CC2Vec: Distributed Representations of Code Changes
This addresses the need for general, automated feature extraction in software engineering tasks, reducing manual effort, but it is incremental as it builds on existing neural methods for code representation.
The authors tackled the problem of representing code changes for software patches by proposing CC2Vec, a neural network model that learns distributed representations guided by log messages, and it outperformed state-of-the-art techniques in tasks like log message generation, bug fixing patch identification, and just-in-time defect prediction.
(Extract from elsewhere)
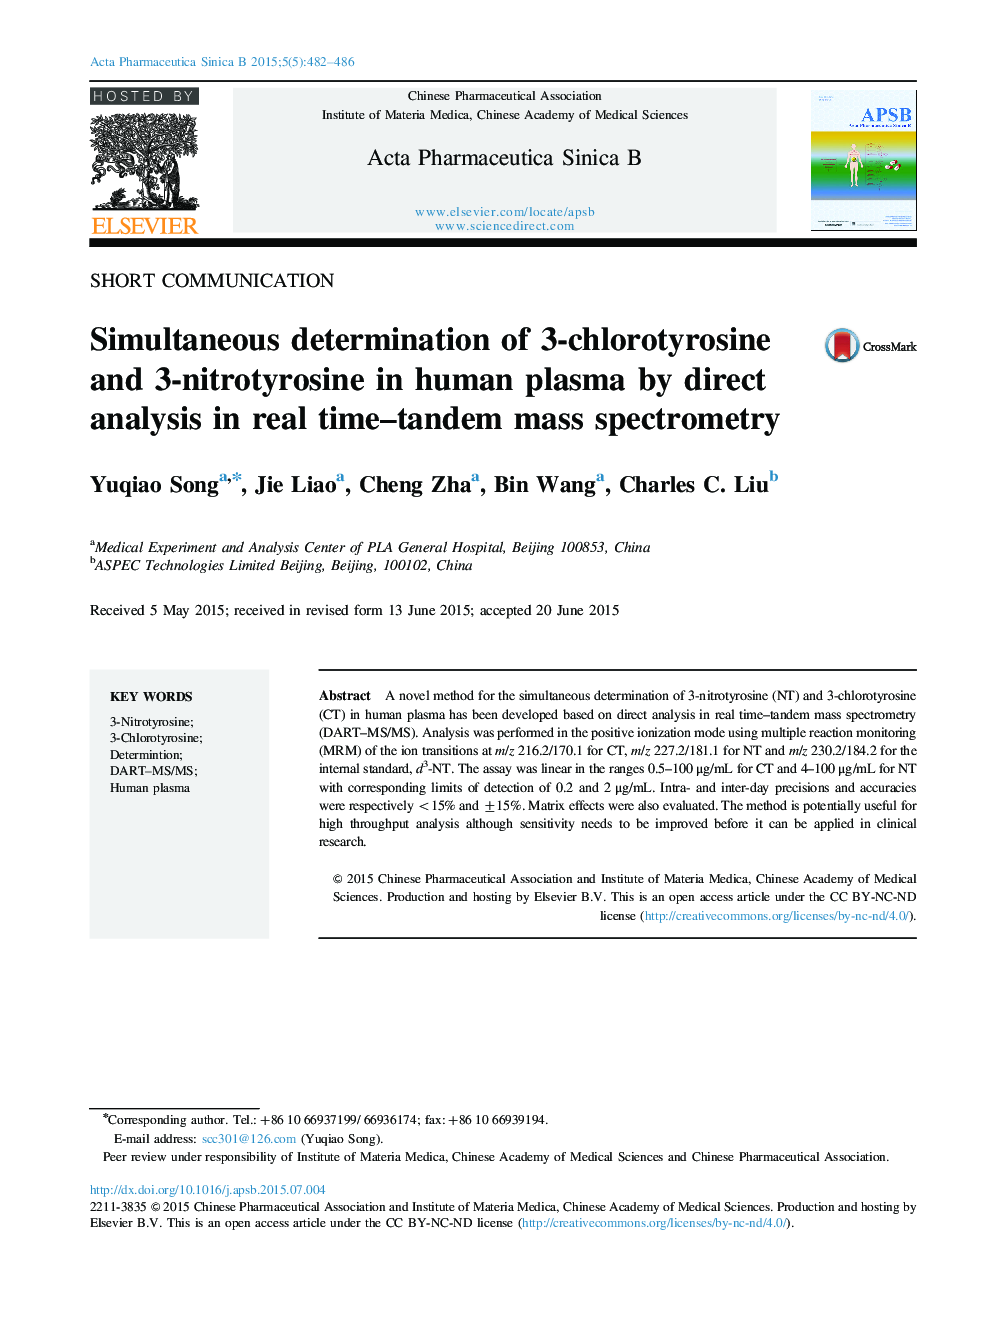 تعیین همزمان 3-کلروتیروسین و 3-نیتروتیروسین در پلاسمای انسانی با استفاده از آنالیز مستقیم در طیف سنجی جرمی زمان واقعی 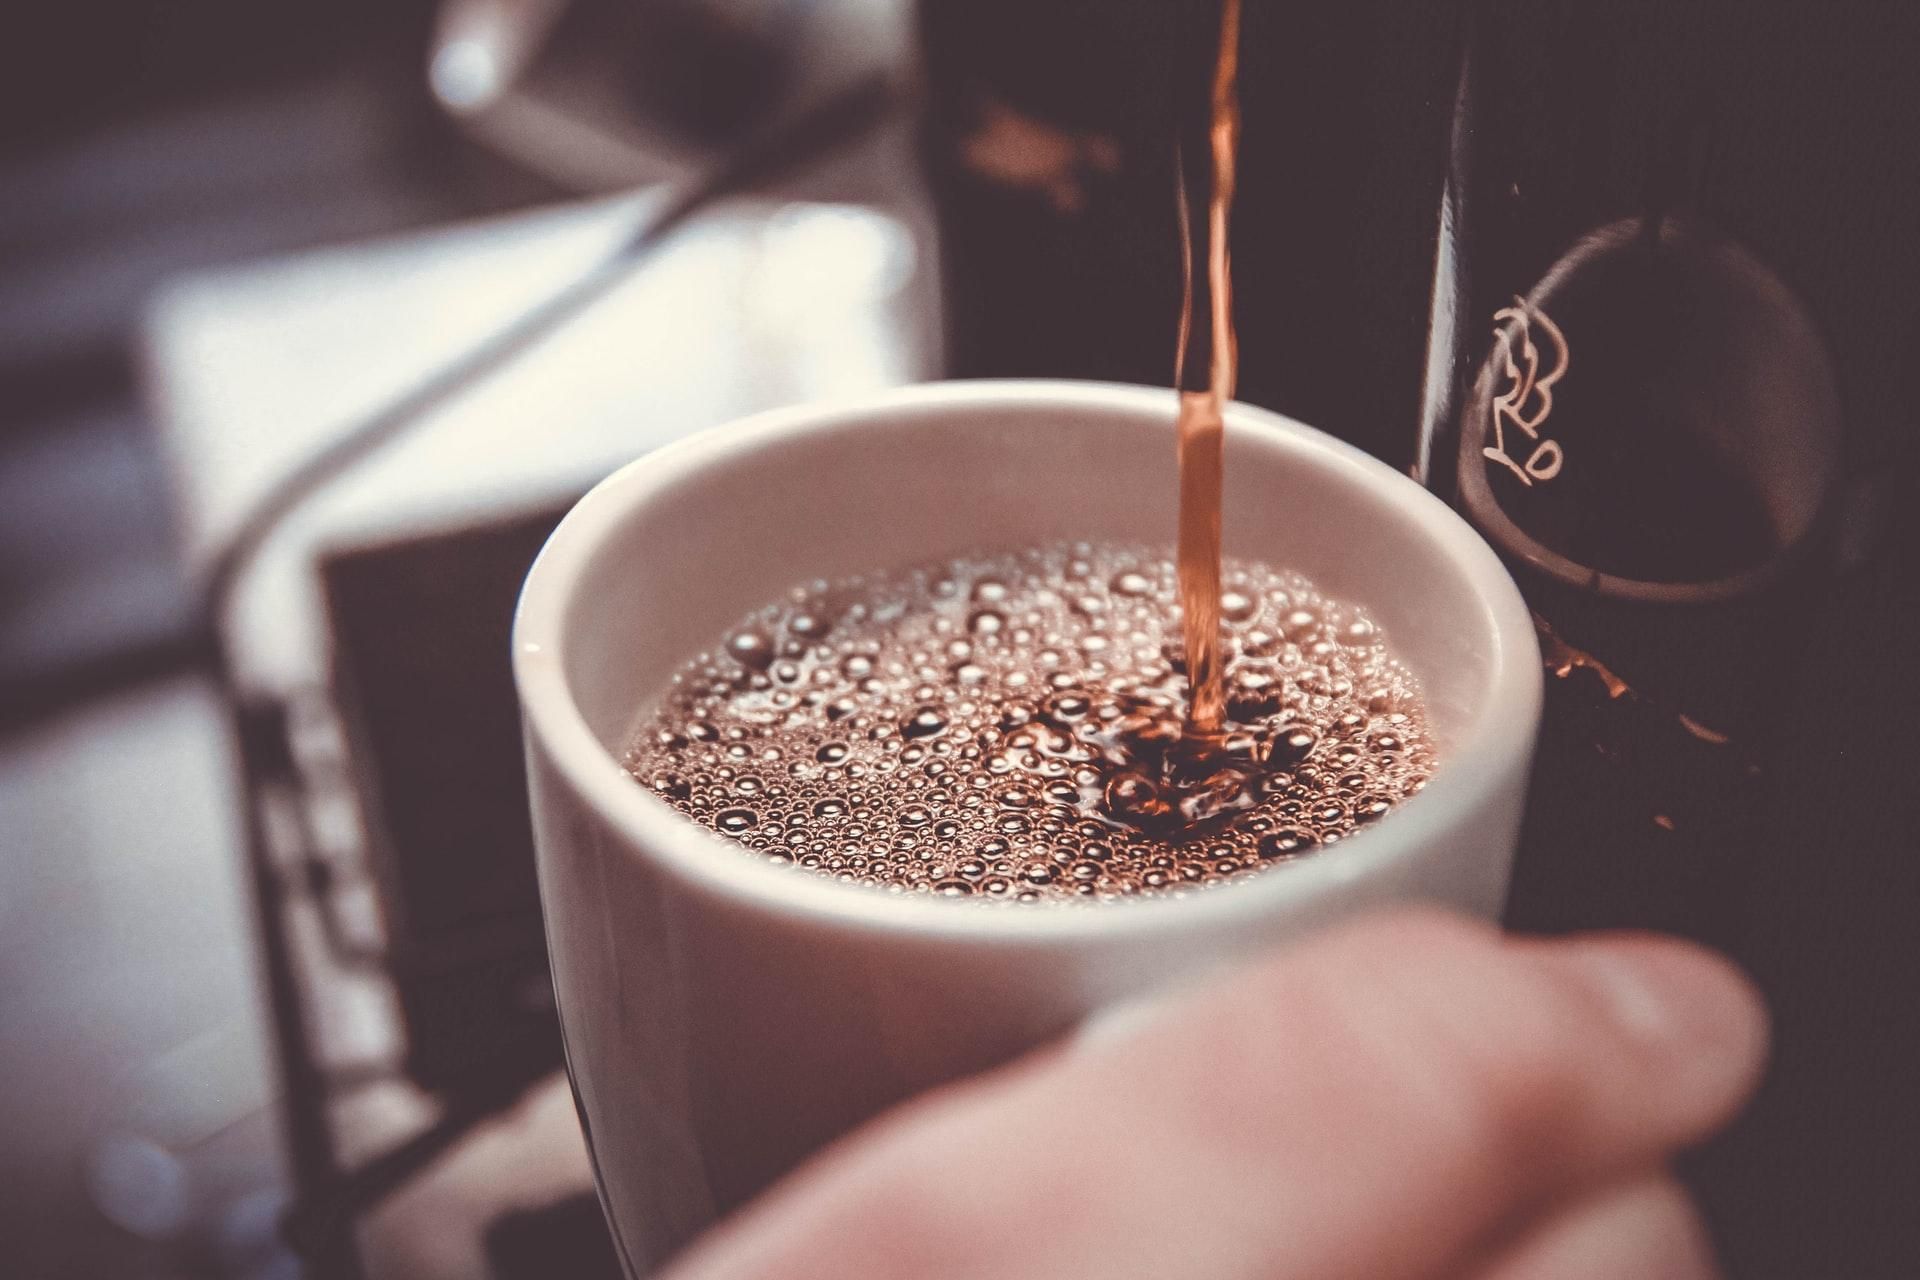 Употребление кофе на ночь не влияет на сон, но меняет структуру мозга: исследование

Existing work on software patches often use features specific to a single task. These works often rely on manually identified features, and human effort is required to identify these features for each task. In this work, we propose CC2Vec, a neural network model that learns a representation of code changes guided by their accompanying log messages, which represent the semantic intent of the code changes. CC2Vec models the hierarchical structure of a code change with the help of the attention mechanism and uses multiple comparison functions to identify the differences between the removed and added code. To evaluate if CC2Vec can produce a distributed representation of code changes that is general and useful for multiple tasks on software patches, we use the vectors produced by CC2Vec for three tasks: log message generation, bug fixing patch identification, and just-in-time defect prediction. In all tasks, the models using CC2Vec outperform the state-of-the-art techniques.